Regarding to the performance difference between "re" and "regex" and packaging
related options, we did a performance comparison using Python 3.6.0 to run some
micro-benchmarks in the Python Benchmark Suite
(https://github.com/python/performance):
Results in ms, and the lower the better (running on Ubuntu 15.10)
re regex (via pip install regex,
and a replacement of "import re" with "import regex as re")
bm_regex_compile.py 229 298
bm_regex_dna.py 171 267
bm_regex_effbot.py 2.77 3.04
bm_regex_v8.py 24.8 14.1
This data shows "re" is better than "regex" in term of performance in 3 out of
4 above micro-benchmarks.
Anyone searching for "regular expression python" will get a first hit at the
Python documentation on "re". Naturally, any new developer could start with
"re" since day 1 and not bother to look elsewhere for alternatives later on.
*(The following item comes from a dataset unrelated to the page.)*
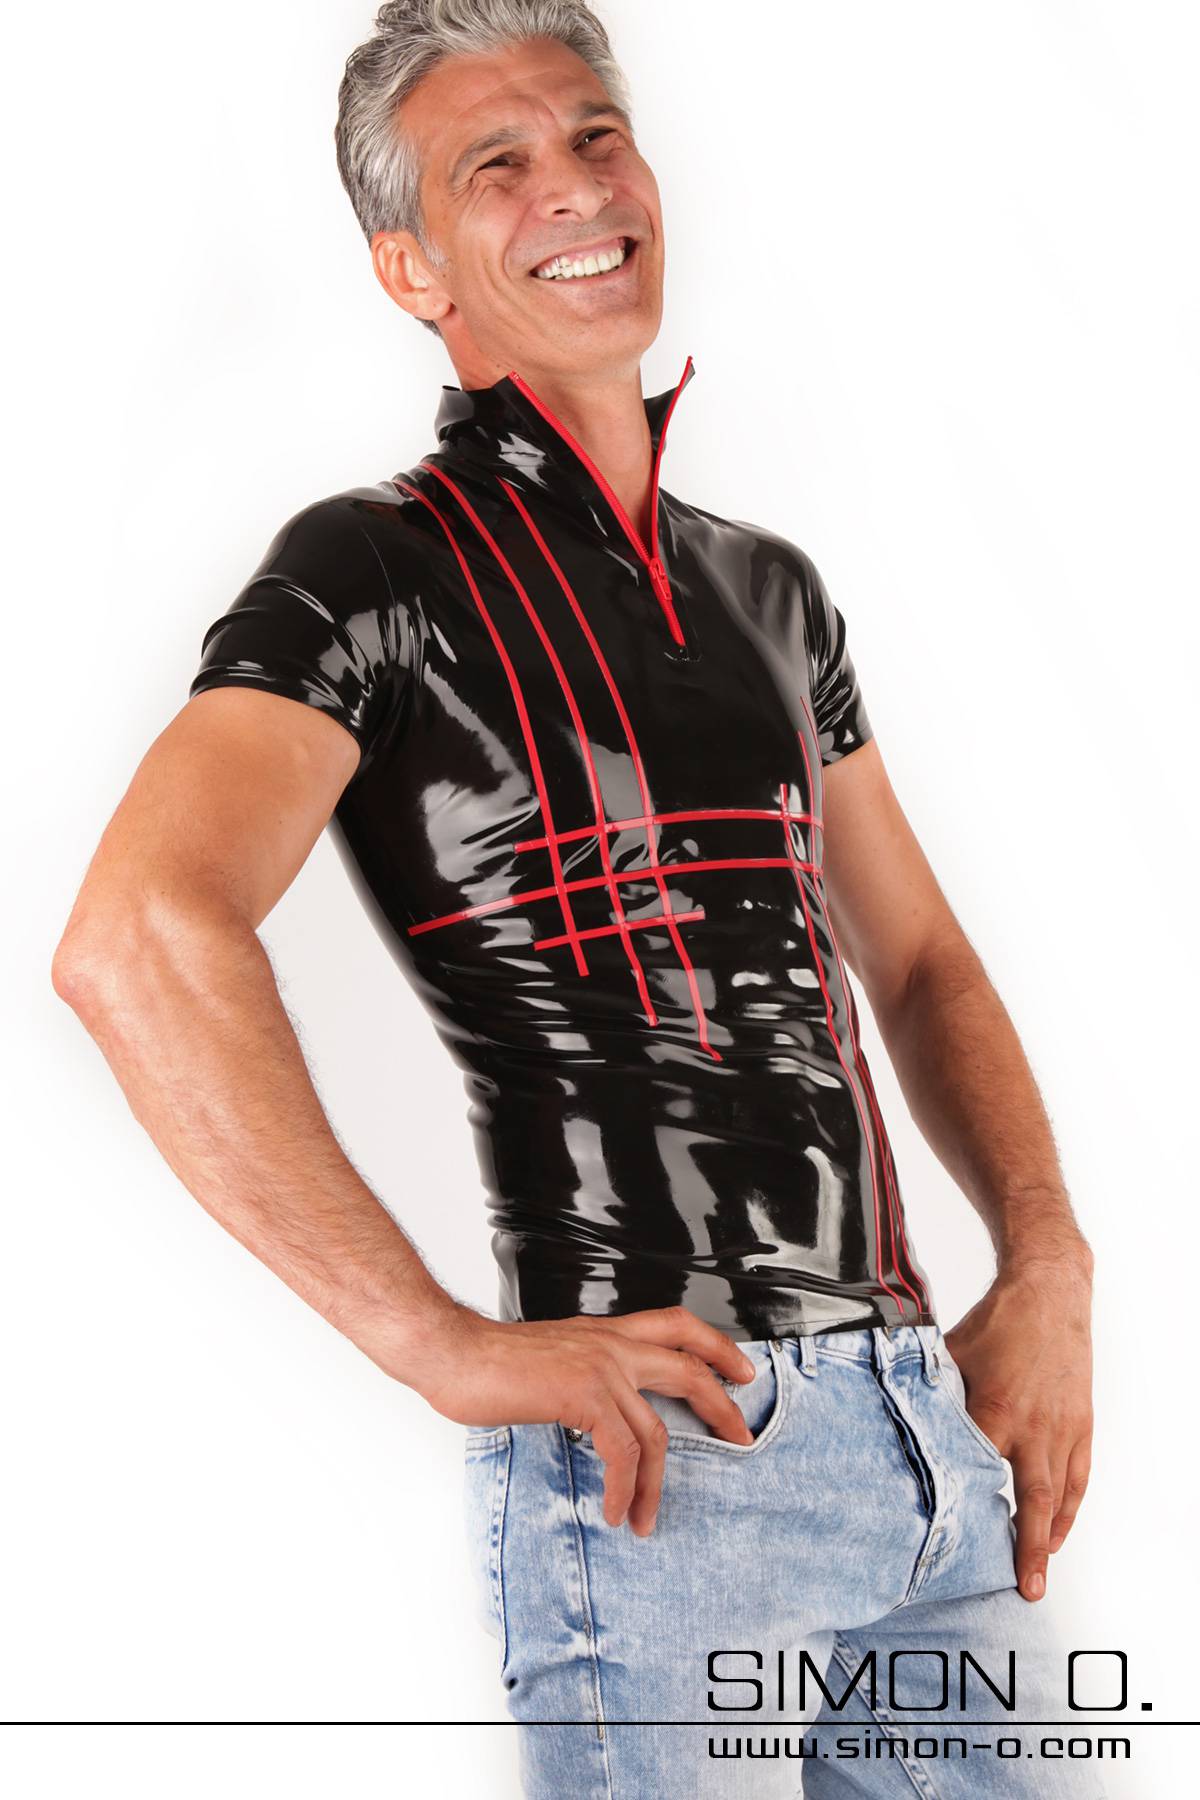 Ein Mann trägt ein schwarzes Latex Shirt Latex Shirt mit Zipp vorne und rotem Streifen Design

We did a query for "import re" against the big cloud computing software
application, OpenStack (with 3.7 million lines of source codes and majority of
them written in Python), and got ~1000 hits.
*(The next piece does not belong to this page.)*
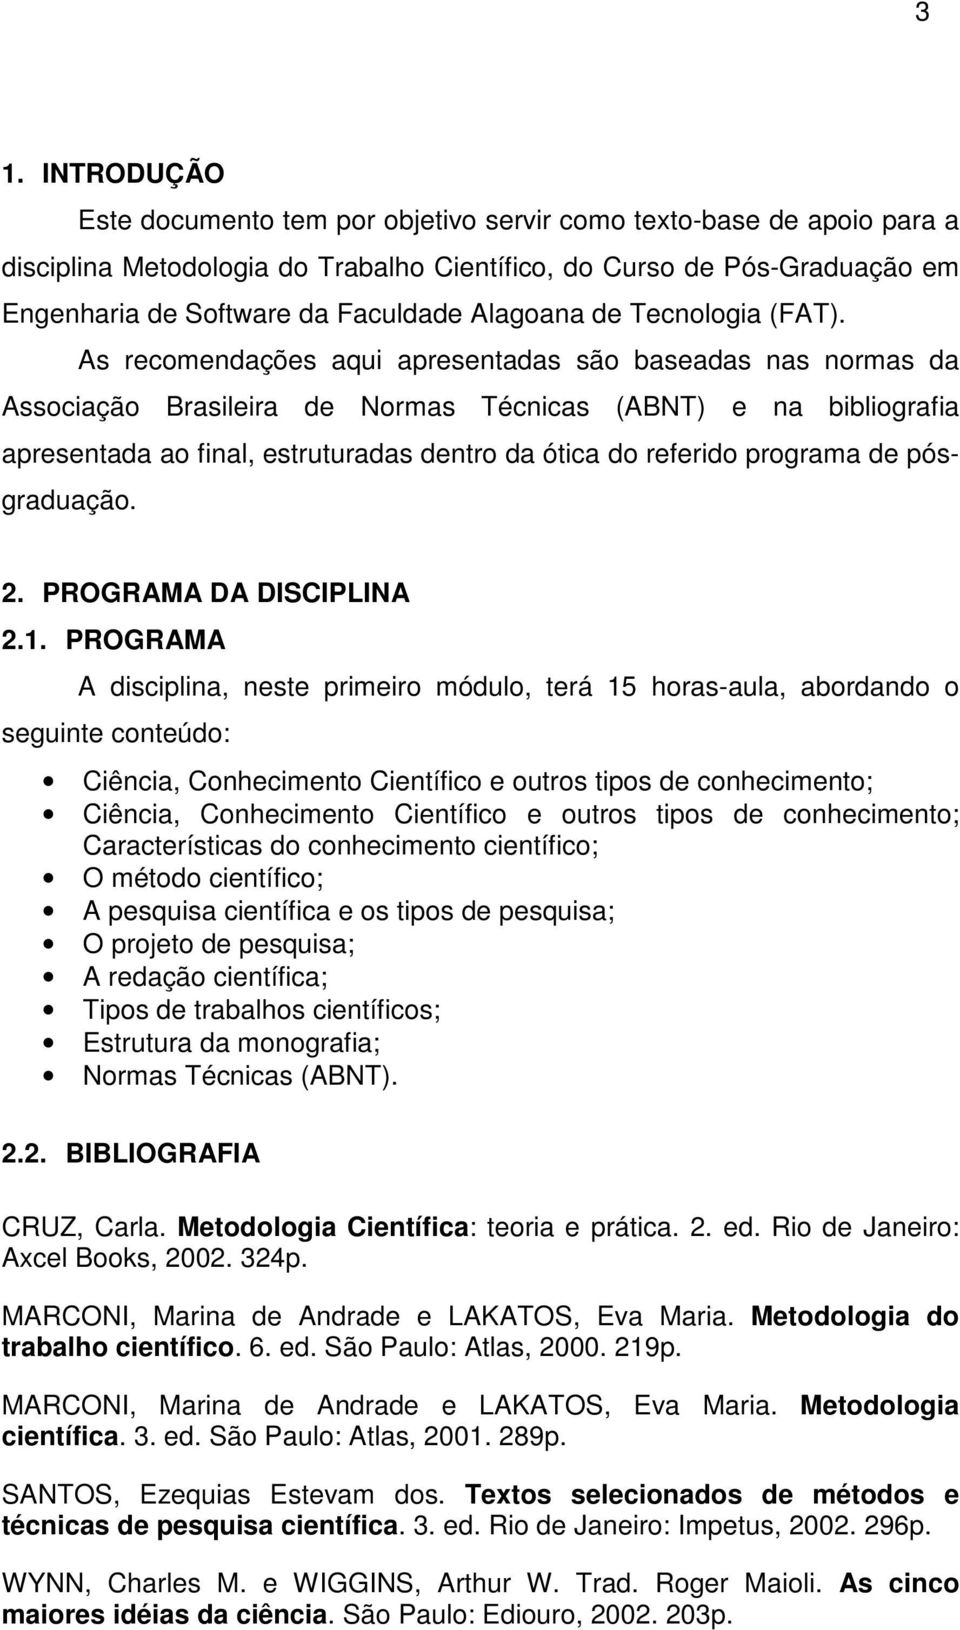 As recomendações aqui apresentadas são baseadas nas normas da Associação Brasileira de Normas Técnicas (ABNT) e na bibliografia apresentada ao final, estruturadas dentro da ótica do referido programa

With that being said, IMHO, it would be nice to capture ("borrow") the
performance benefit from "regex" and merged into "re", without knowing or
worrying about packaging/installing stuff.
Cheers,
Peter
-----Original Message-----
From: Python-Dev
[mailto:[email protected]] On Behalf Of
Nick Coghlan
Sent: Tuesday, January 31, 2017 1:54 AM
To: Barry Warsaw <[email protected]>
Cc: [email protected]
Subject: Re: [Python-Dev] re performance
On 30 January 2017 at 15:26, Barry Warsaw <[email protected]> wrote:
> On Jan 30, 2017, at 12:38 PM, Nick Coghlan wrote:
>
>>I think there are 3 main candidates that could fit that bill:
>>
>>- requests
>>- setuptools
>>- regex
>
> Actually, I think pkg_resources would make an excellent candidate.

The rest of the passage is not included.